WHAT YOU NEED TO DO → Would you copy exactly the lines in the data below from the one that has "Brown Rock Formation" through the one that has "Buy Beige Track", dropping any pictures?

SUPPLIED MATERIAL →
• • •

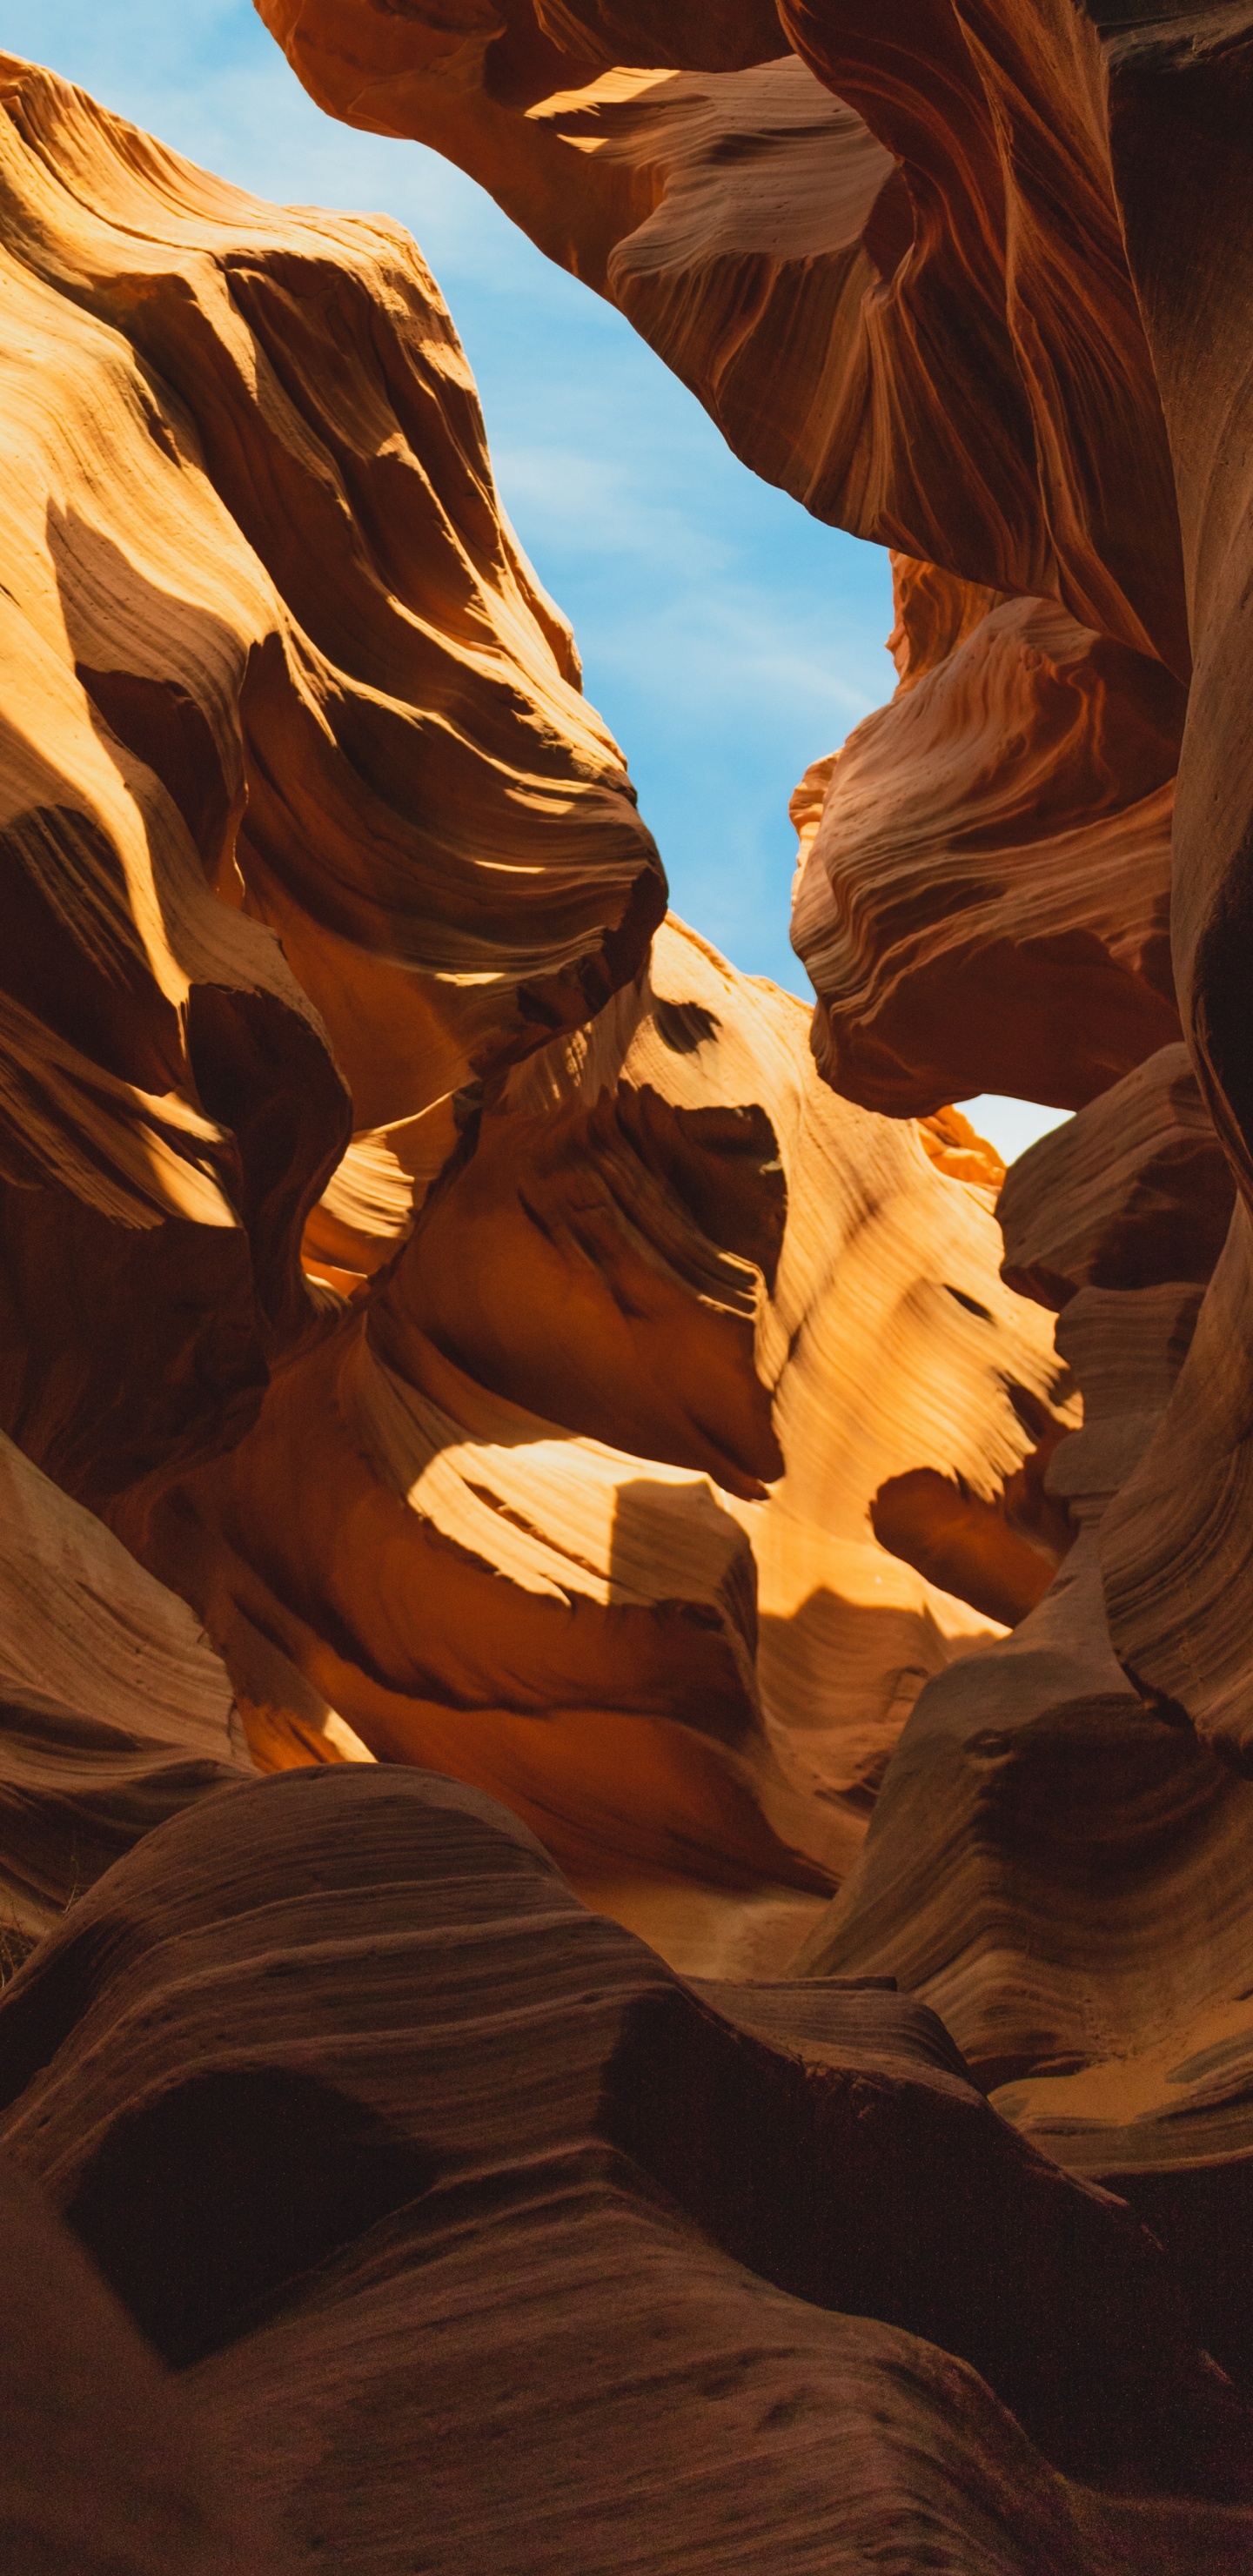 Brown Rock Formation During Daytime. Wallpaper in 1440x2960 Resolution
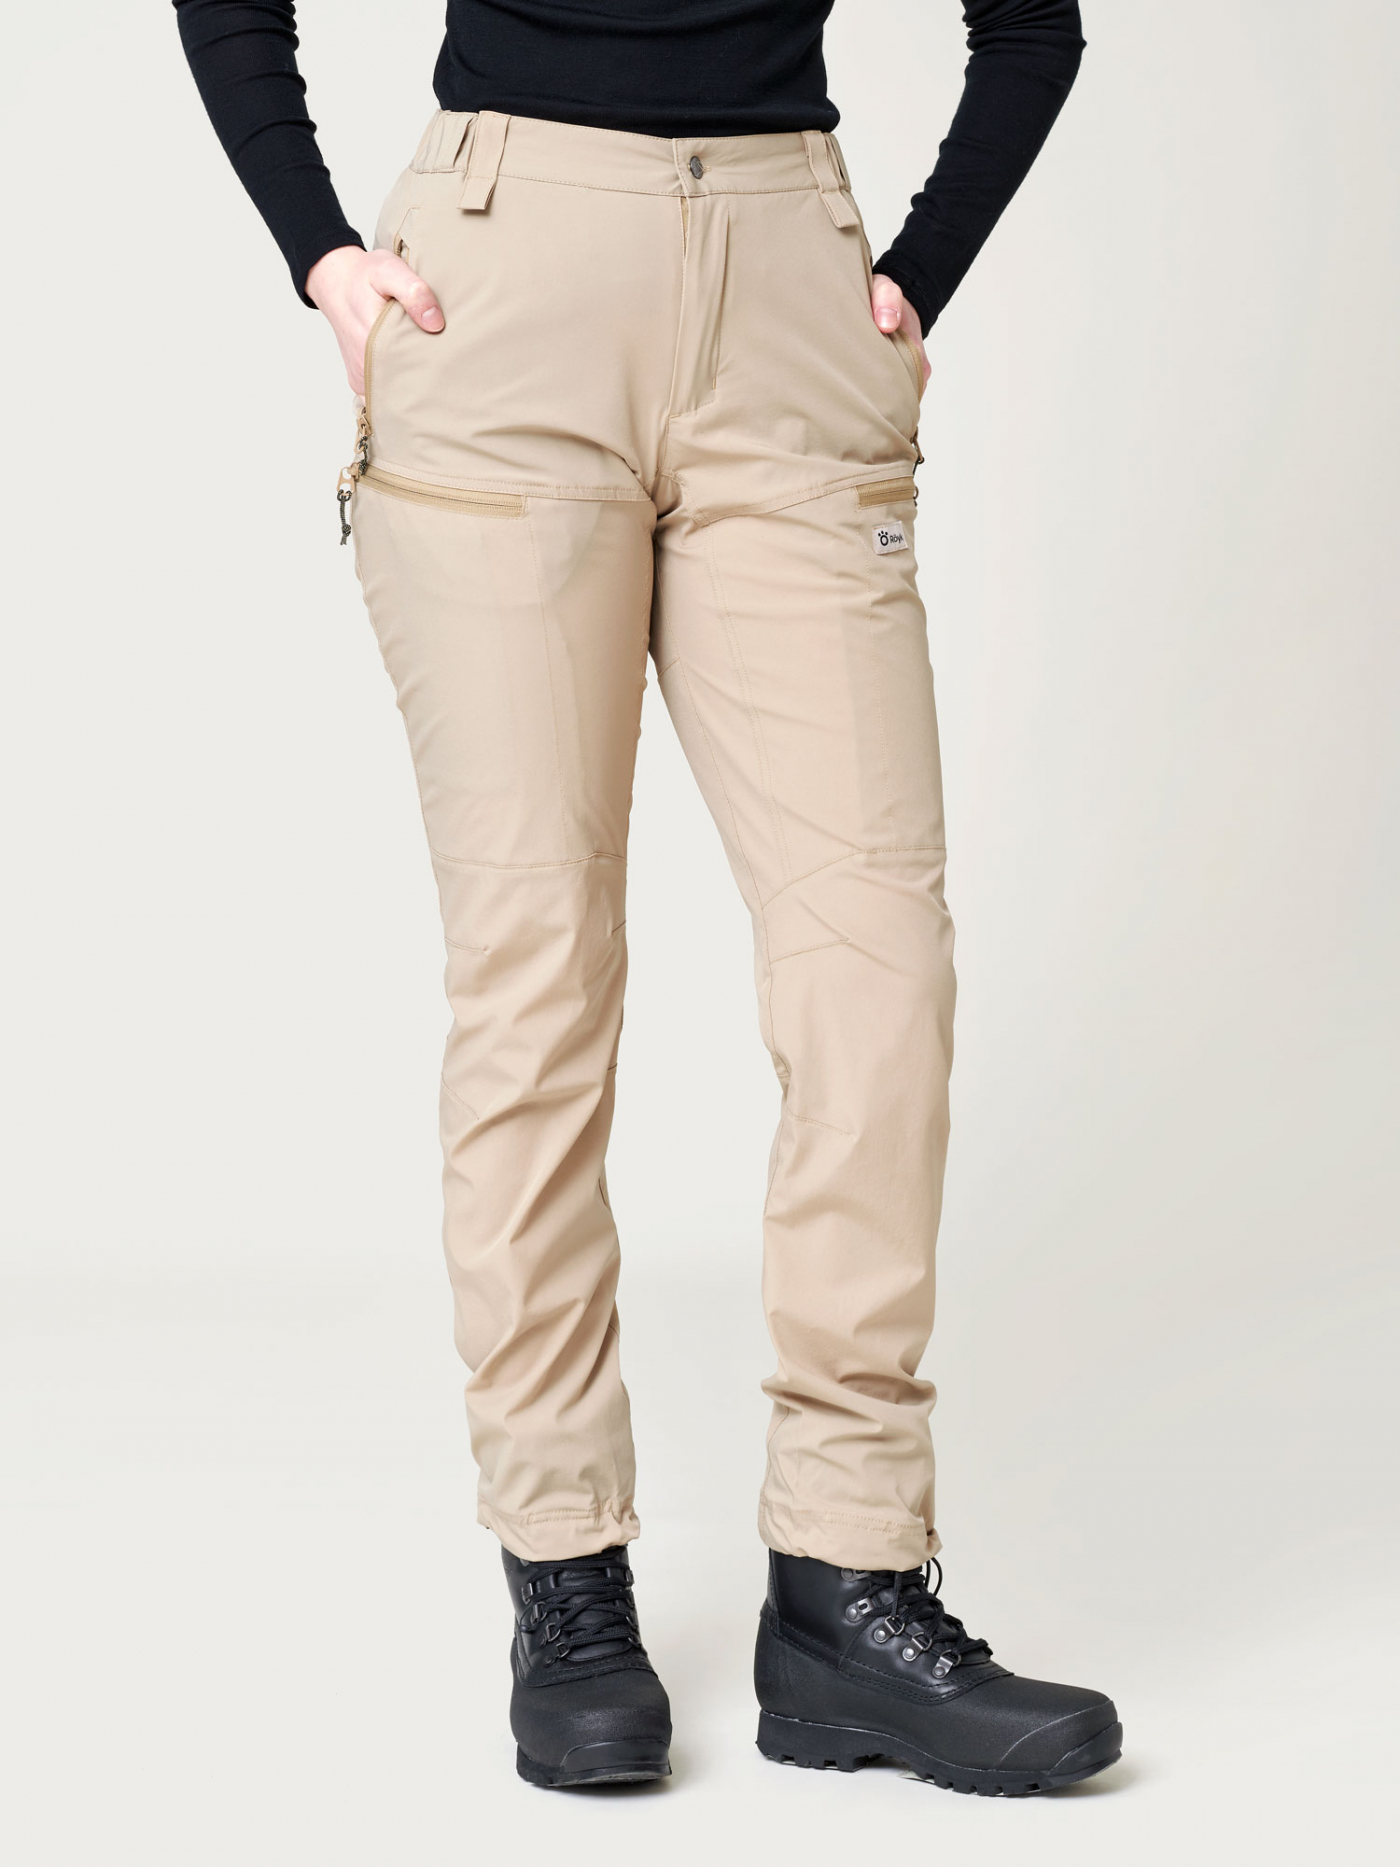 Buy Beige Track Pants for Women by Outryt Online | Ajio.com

• • •

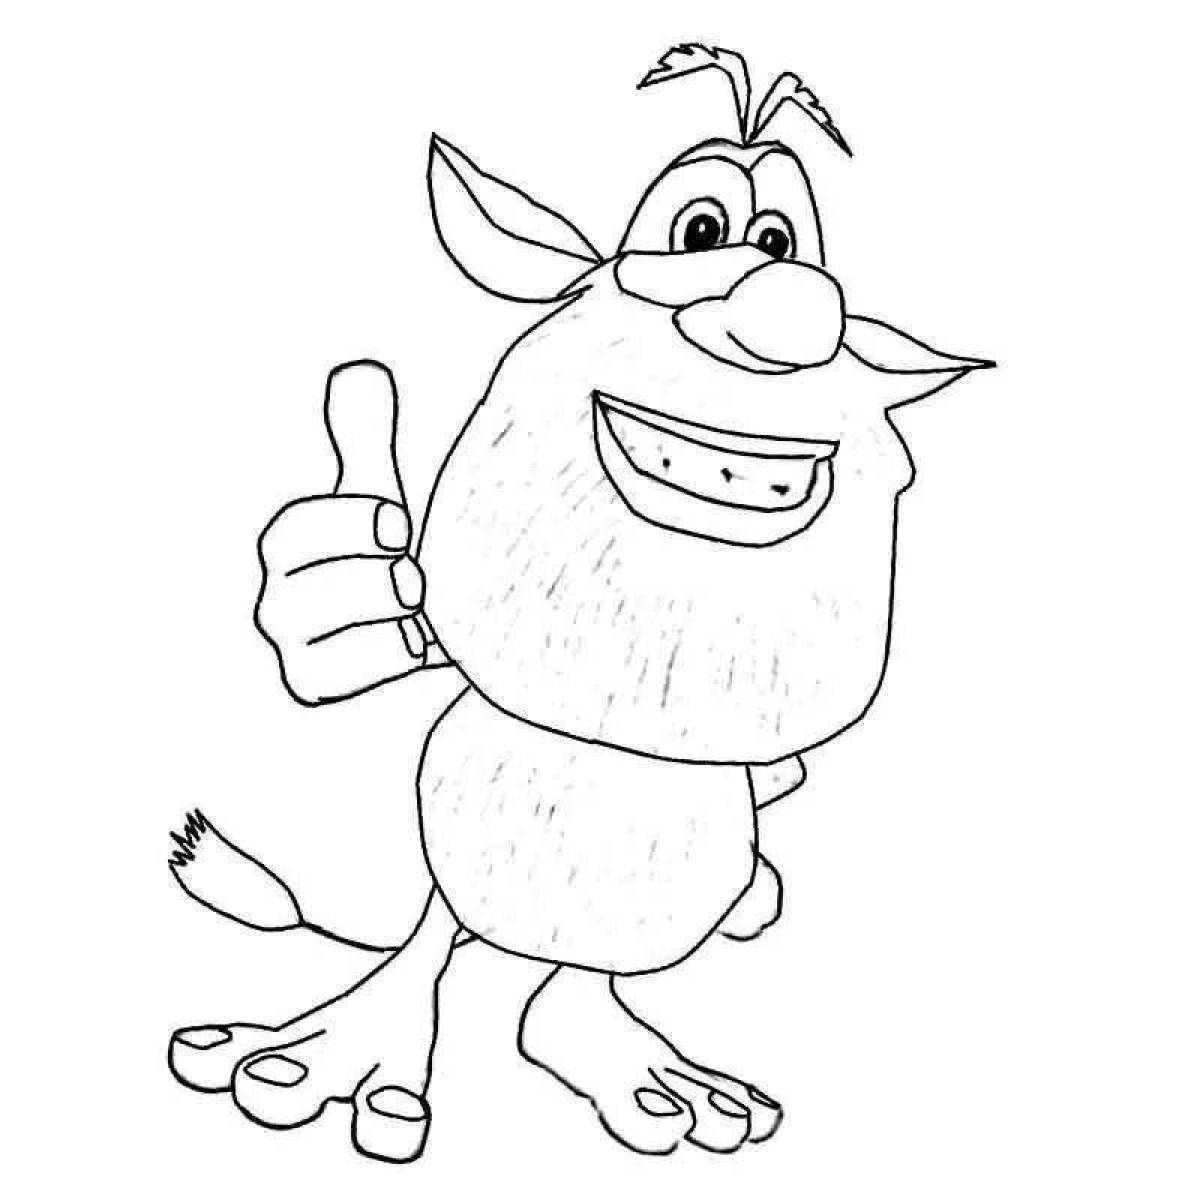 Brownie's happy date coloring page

• • •

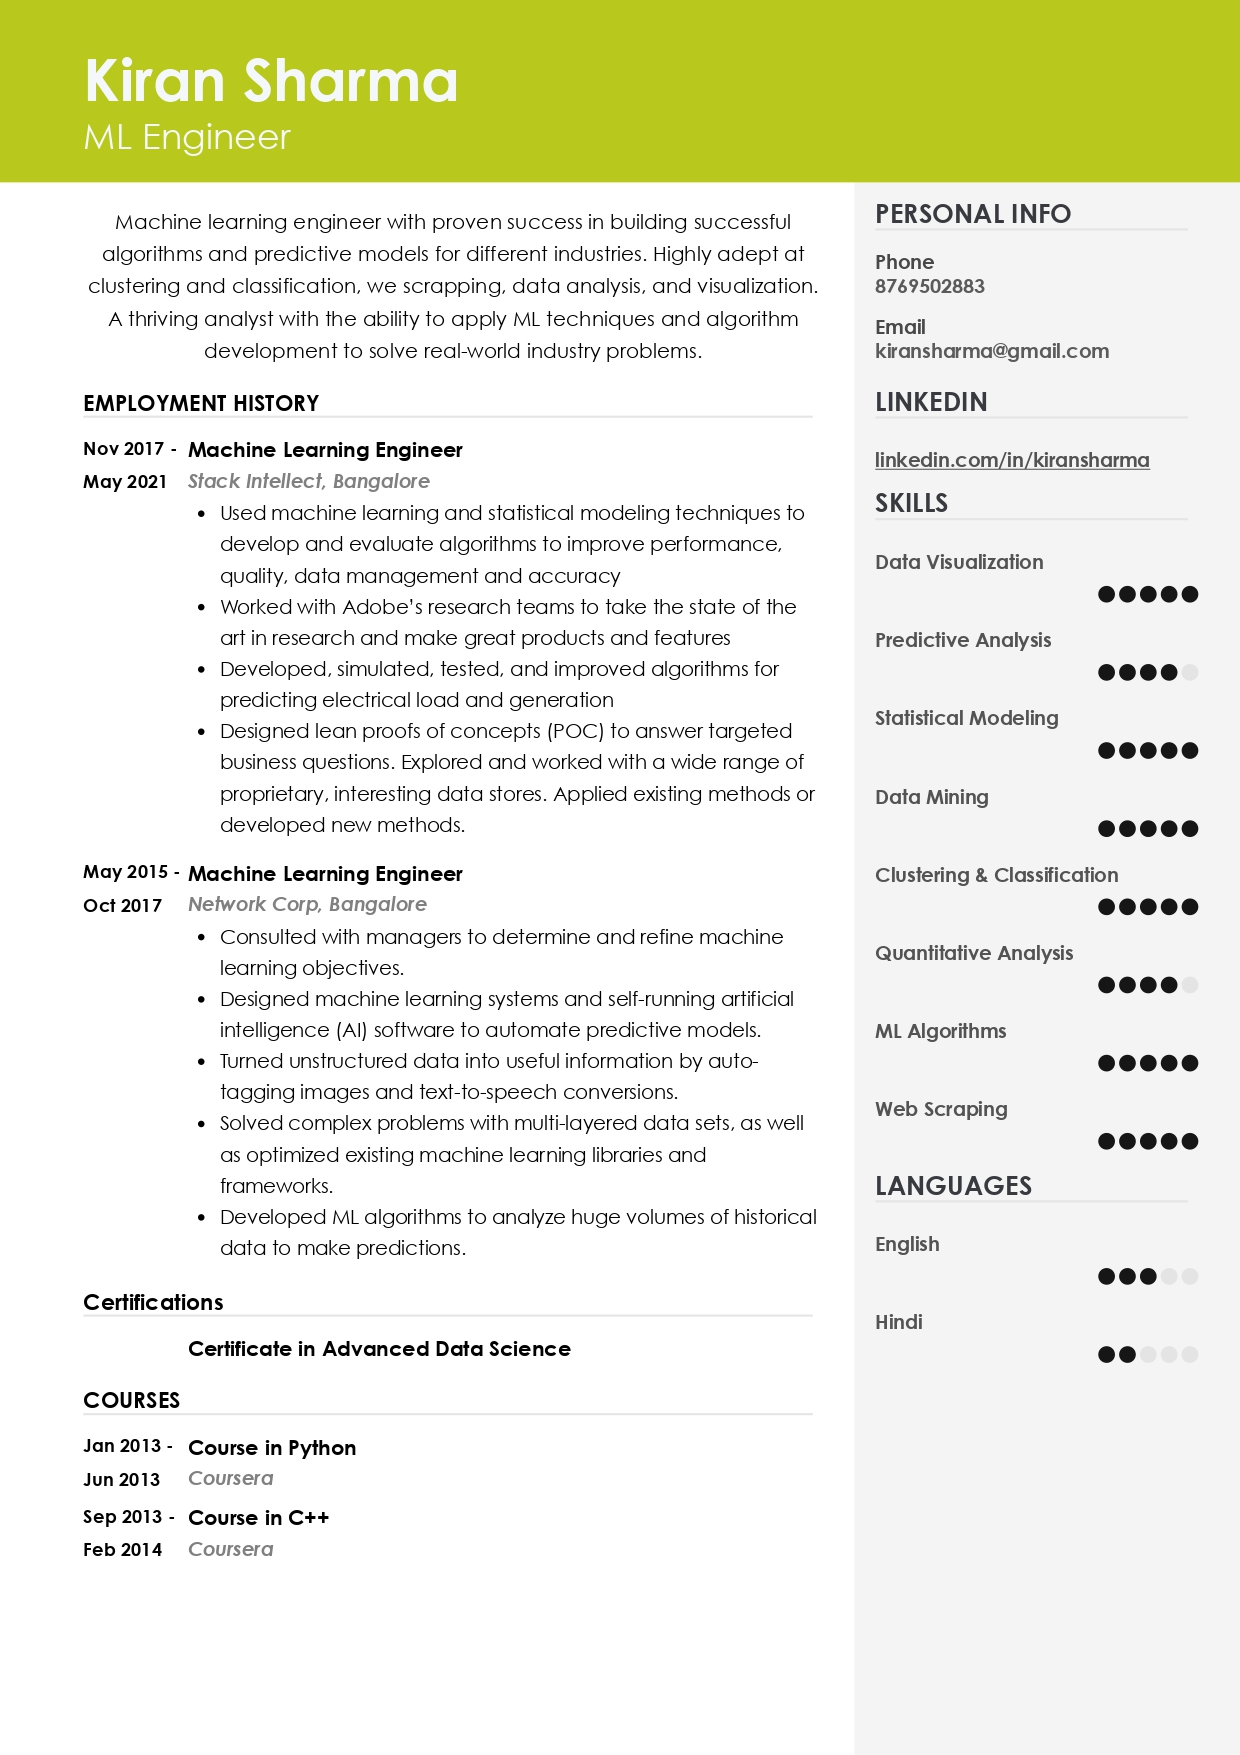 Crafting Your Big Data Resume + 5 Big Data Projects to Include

• • •

RESPONSE TO THE EXERCISE →
 Brown Rock Formation During Daytime. Wallpaper in 1440x2960 Resolution
 Buy Beige Track Pants for Women by Outryt Online | Ajio.com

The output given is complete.